Duplicate the svn-remote
section
Copy the entire svn-remote
section of the config file and paste it below the existing config text.
[core]
repositoryformatversion = 0
filemode = true
bare = false
logallrefupdates = true
autocrlf = false
[svn-remote "svn"]
url = url:to/svn/repo
fetch = trunk:refs/remotes/trunk
[svn-remote "svn"]
url = url:to/svn/repo
fetch = trunk:refs/remotes/trunk
Modify the new svn-remote
section
Change the name of the svn-remote
section header and the name of the branch that it points to.
[core]
repositoryformatversion = 0
filemode = true
bare = false
logallrefupdates = true
autocrlf = false
[svn-remote "svn"]
url = url:to/svn/repo
fetch = trunk:refs/remotes/trunk
[svn-remote "svn-featureX"]
url = url:to/svn/repo
fetch = featureX:refs/remotes/featureX
Now git-svn will track both svn branches. You can use the names "svn" and "svn-featureX" with any git-svn command that takes an [svn-remote]
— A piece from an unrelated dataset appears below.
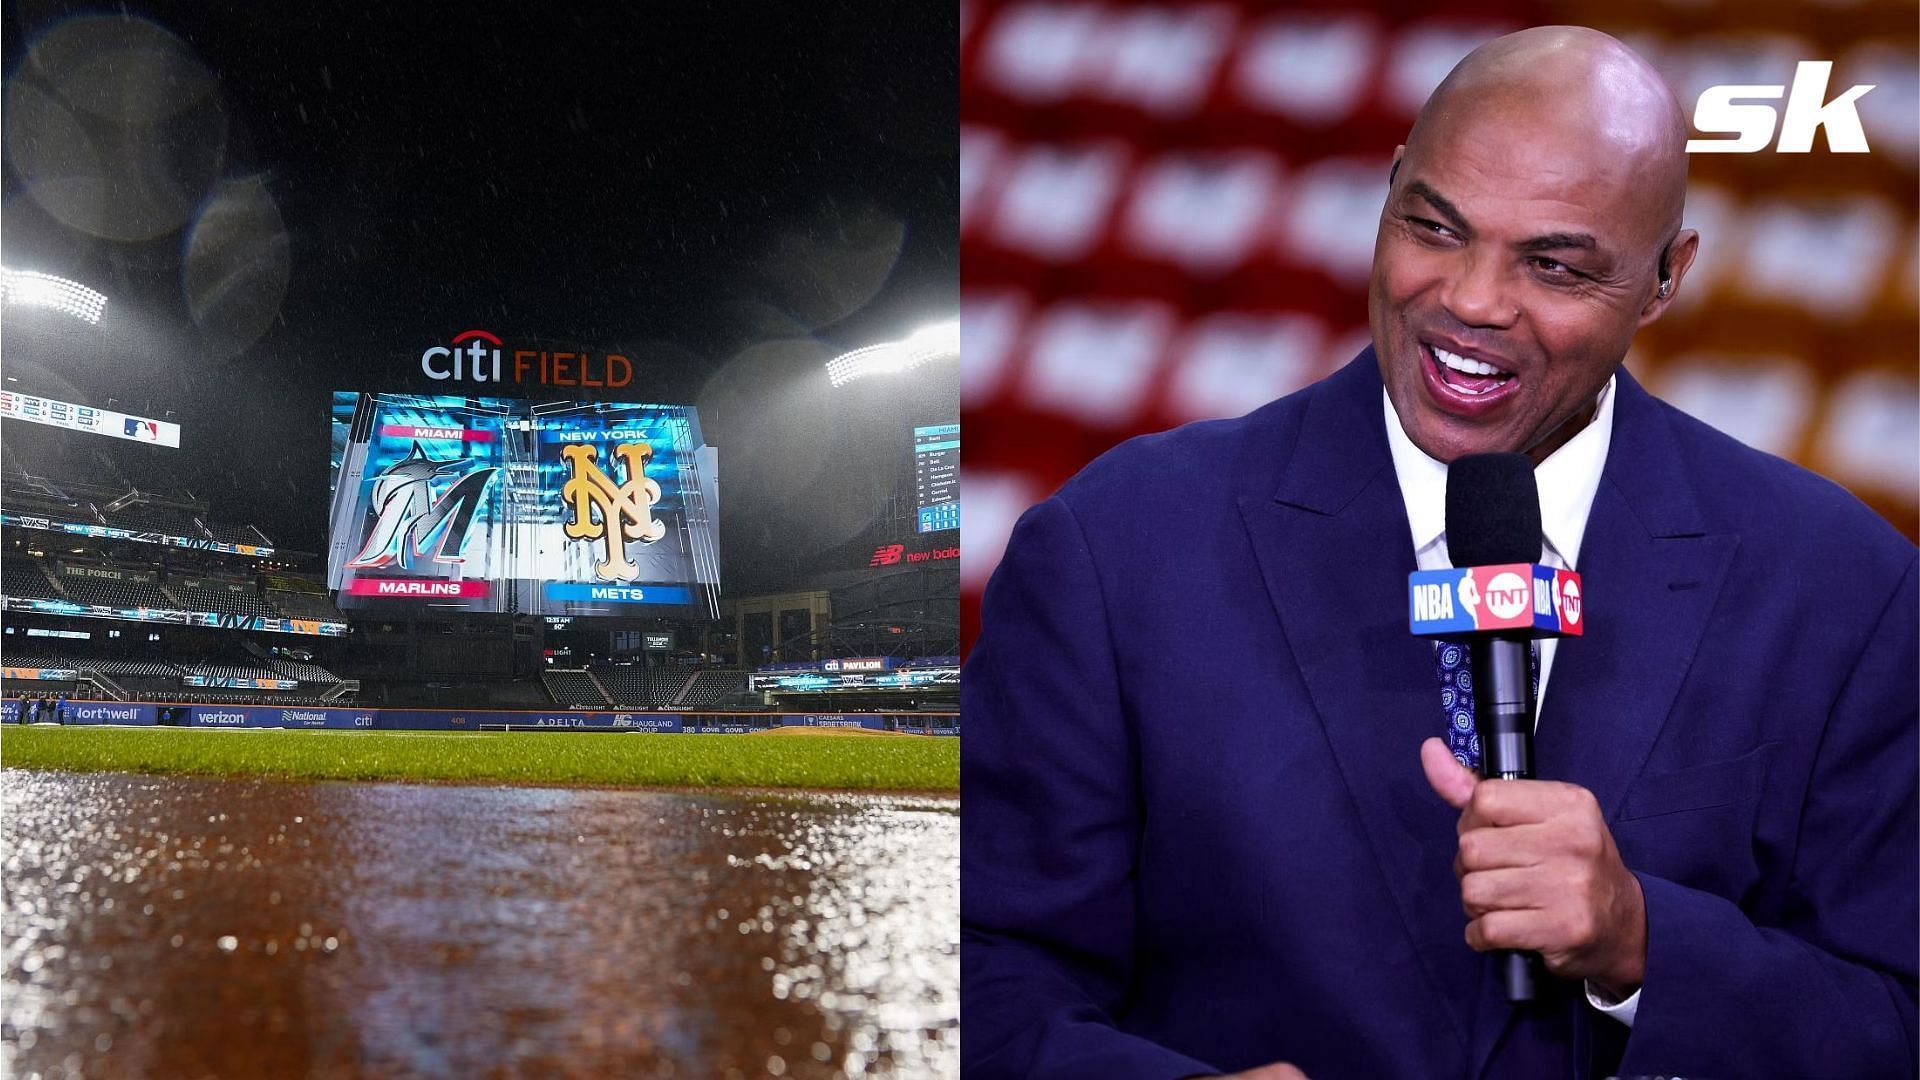 NBA legend Charles Barkley said the suspension of the Marlins and Mets game cost him his bet he placed

parameter. You can use the names "trunk" and "featureX" with any git command that takes a remote branch name as a parameter.
This solution won't scale well, and is a bit of a hack to work with a malformed svn repository. So long as you only need to track a handful of svn branches, this will work just fine. If the number of svn branches you need to work with becomes too large, take a serious look at restructuring your svn repository to the standard layout.
As this article illustrates, you can write rules for running an importer tool like svn2git
(you have less complete version of svn2git here)
See those examples for rules that you could rewrite in order to match those flat SVN directories/branches and declare them as Git branches.